Type Definition sprs::CsVecI

type CsVecI<N, I> = CsVecBase<Vec<I>, Vec<N>>;

Trait Implementations

impl<N: Num + Copy + Neg<Output = N>, I: SpIndex> Neg for CsVecI<N, I>

type Output = CsVecI<N, I>

The resulting type after applying the - operator.

fn neg(self) -> CsVecI<N, I>

Performs the unary - operation.

impl<N: Clone + Copy + Num, I: Clone + SpIndex> AbstractMagma<Additive> for CsVecI<N, I>

fn operate(&self, right: &CsVecI<N, I>) -> CsVecI<N, I>

Performs an operation.

fn op(&self, O, lhs: &Self) -> Self

Performs specific operation.

impl<N: Copy + Num + Neg<Output = N>, I: SpIndex> AbstractQuasigroup<Additive> for CsVecI<N, I>

fn prop_inv_is_latin_square_approx(args: (Self, Self)) -> bool where
    Self: ApproxEq, 

Returns true if latin squareness holds for the given arguments. Approximate equality is used for verifications.

fn prop_inv_is_latin_square(args: (Self, Self)) -> bool where
    Self: Eq, 

Returns true if latin squareness holds for the given arguments.

impl<N: Copy + Num, I: SpIndex> AbstractSemigroup<Additive> for CsVecI<N, I>

fn prop_is_associative_approx(args: (Self, Self, Self)) -> bool where
    Self: ApproxEq, 

Returns true if associativity holds for the given arguments. Approximate equality is used for verifications.

fn prop_is_associative(args: (Self, Self, Self)) -> bool where
    Self: Eq, 

Returns true if associativity holds for the given arguments.

impl<N: Copy + Num + Neg<Output = N>, I: SpIndex> AbstractLoop<Additive> for CsVecI<N, I>

impl<N: Copy + Num, I: SpIndex> AbstractMonoid<Additive> for CsVecI<N, I>

fn prop_operating_identity_element_is_noop_approx(args: (Self,)) -> bool where
    Self: ApproxEq, 

Checks whether operating with the identity element is a no-op for the given argument. Approximate equality is used for verifications.

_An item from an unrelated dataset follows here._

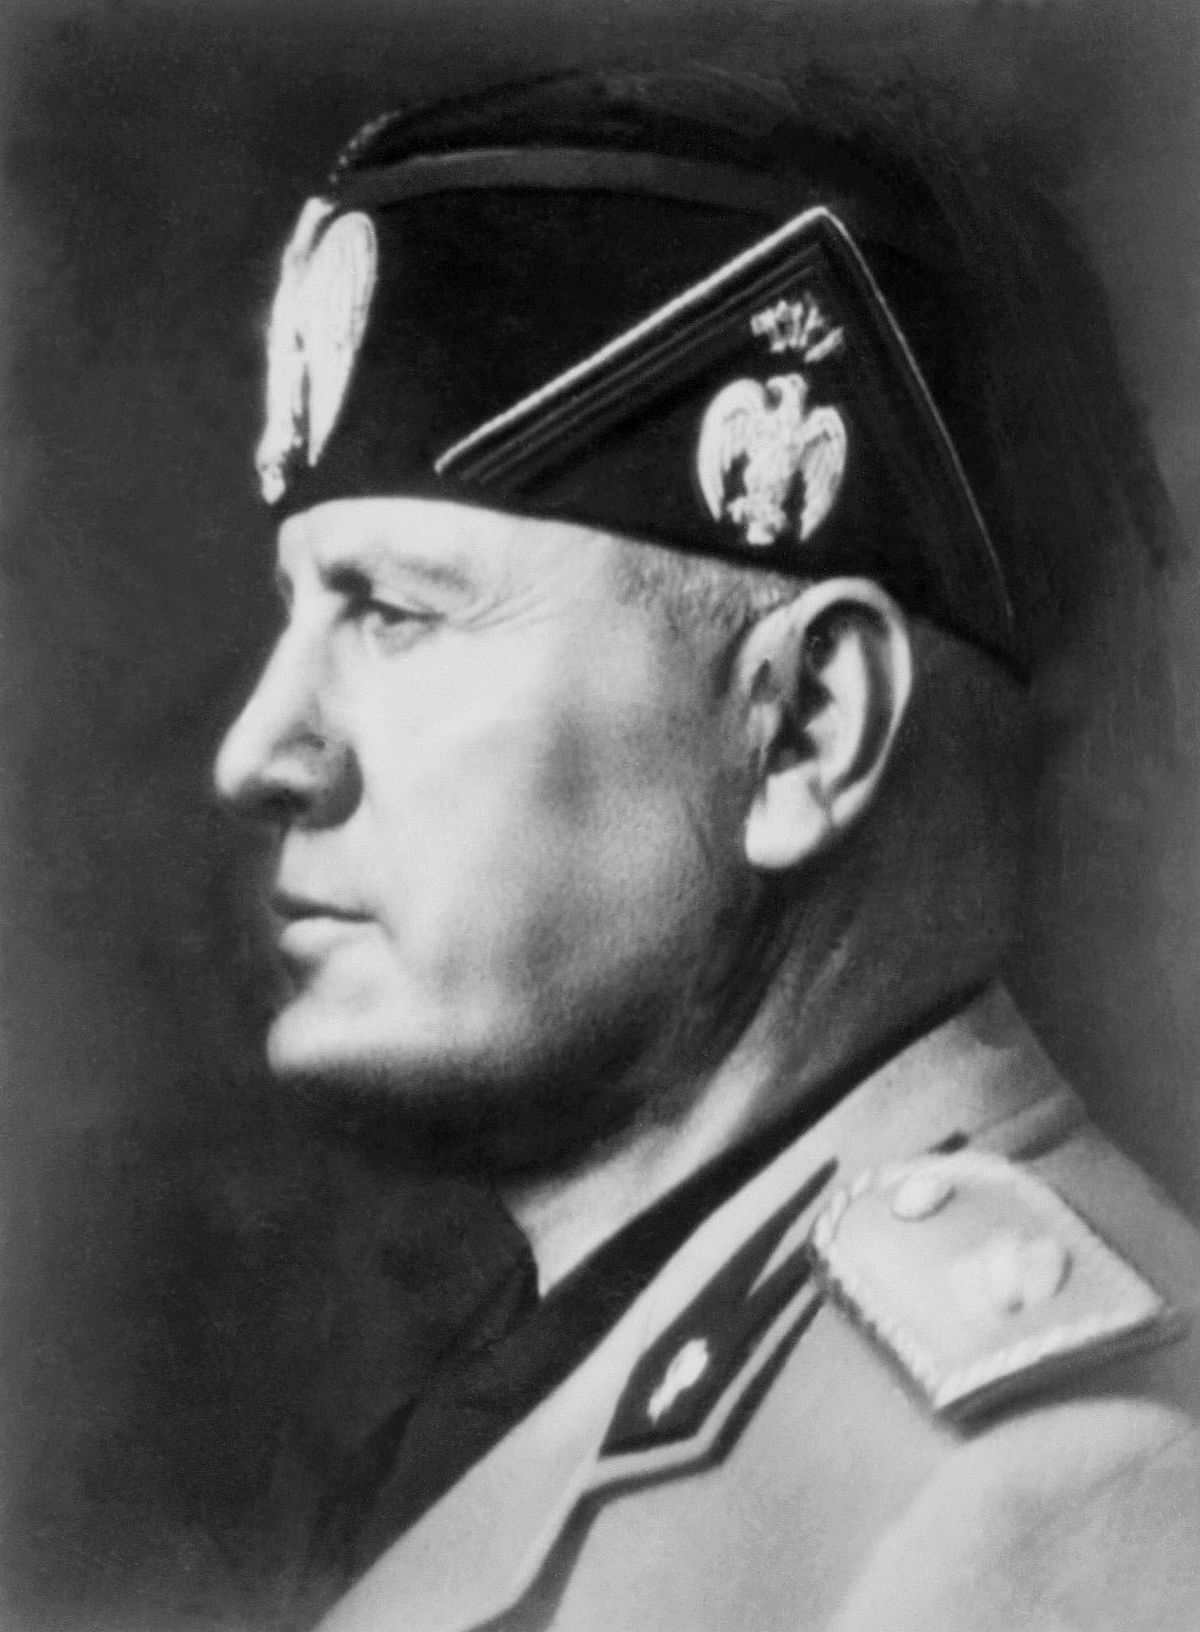 Undated portrait of Benito Mussolini, known as Duce, who ruled Italy from 1923 to 1945. Photo: AFP

fn prop_operating_identity_element_is_noop(args: (Self,)) -> bool where
    Self: Eq, 

Checks whether operating with the identity element is a no-op for the given argument.

impl<N: Copy + Num + Neg<Output = N>, I: SpIndex> AbstractGroup<Additive> for CsVecI<N, I>

impl<N: Copy + Num + Neg<Output = N>, I: SpIndex> AbstractGroupAbelian<Additive> for CsVecI<N, I>

fn prop_is_commutative_approx(args: (Self, Self)) -> bool where
    Self: ApproxEq, 

Returns true if the operator is commutative for the given argument tuple. Approximate equality is used for verifications.

fn prop_is_commutative(args: (Self, Self)) -> bool where
    Self: Eq, 

Returns true if the operator is commutative for the given argument tuple.

impl<N, I> Inverse<Additive> for CsVecI<N, I> where
    N: Clone + Neg<Output = N> + Copy + Num,
    I: SpIndex, 

fn inverse(&self) -> CsVecI<N, I>

Returns the inverse of self, relative to the operator O.

fn inverse_mut(&mut self)

In-place inversin of self.

impl<N: Copy + Num, I: SpIndex> Identity<Additive> for CsVecI<N, I>

fn identity() -> CsVecI<N, I>

The identity element.

fn id(O) -> Self

Specific identity.

impl<N: Num + Copy, I: SpIndex> Zero for CsVecI<N, I>

fn zero() -> CsVecI<N, I>

Returns the additive identity element of Self, 0.

fn is_zero(&self) -> bool

Returns true if self is equal to the additive identity.